Question · Q3 2025
Matthew Breese, Managing Director and Research Analyst at Stephens, Inc., posed several margin-related questions to NBT Bancorp. He asked for the spot cost of deposits at quarter-end or the most recent date and sought color on the roll-on versus roll-off dynamics for fixed and adjustable rate loans. Mr. Breese also inquired about when a more pronounced pickup in securities yields could be expected as the back book resets or matures. Lastly, he asked about the extent of potential securities growth and how NBT Bancorp might lean into its excess cash position to achieve earning asset growth beyond loans.
Answer
CEO and President, Scott Kingsley, did not have the exact spot cost of deposits but noted that October's cost of funds were likely slightly lower than September's.
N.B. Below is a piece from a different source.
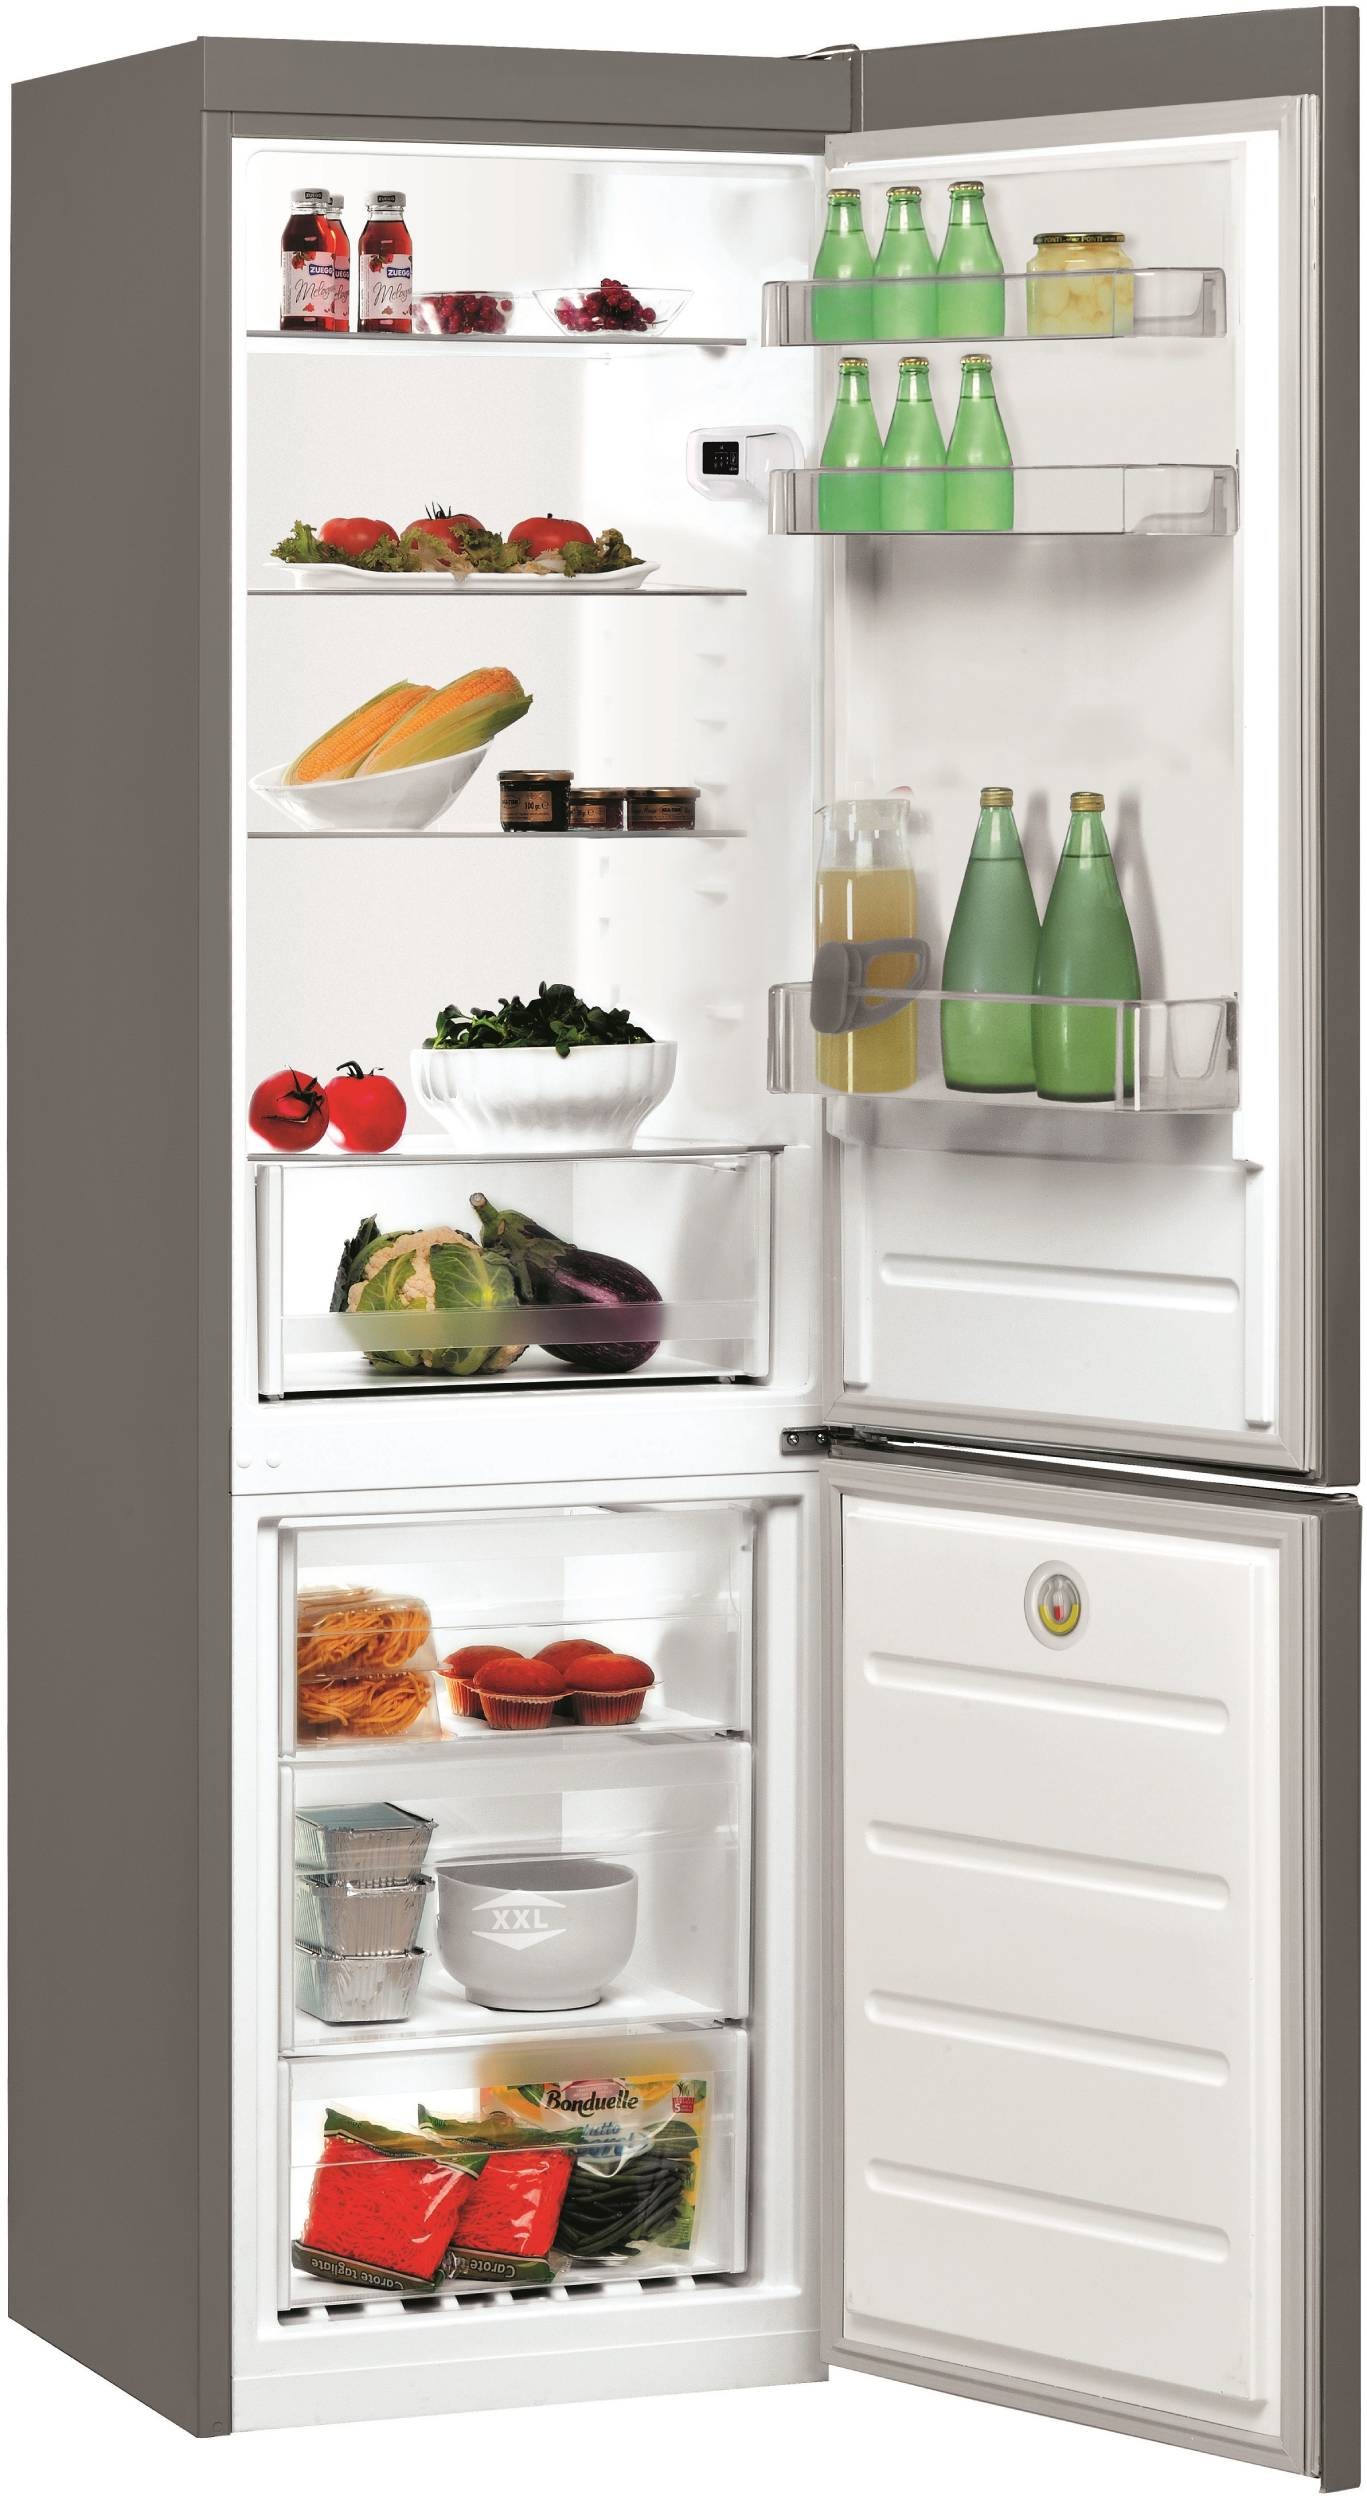 INDESIT Réfrigérateur congélateur bas  - LI8S2ES

CFO, Annette Burns, detailed roll-on/roll-off dynamics: commercial portfolio has about a 50 basis point differential between portfolio yields and origination rates; indirect auto is similar, dependent on the yield curve; residential mortgages have the most room, with about 160 basis points difference. Mr. Kingsley explained that the securities portfolio is cash-flowing (mostly mortgage-backed securities) at a couple hundred million dollars a year, and while yields are below peers, NBT Bancorp has not done a one-time charge or restructuring. Regarding earning asset growth, Mr. Kingsley confirmed flexibility to grow beyond loans, emphasizing a duration-based risk-reward approach. He stated that NBT Bancorp would not take a real mismatch in duration and that the focus for investment securities is collateralization for municipal deposits rather than incremental earnings from large security purchases.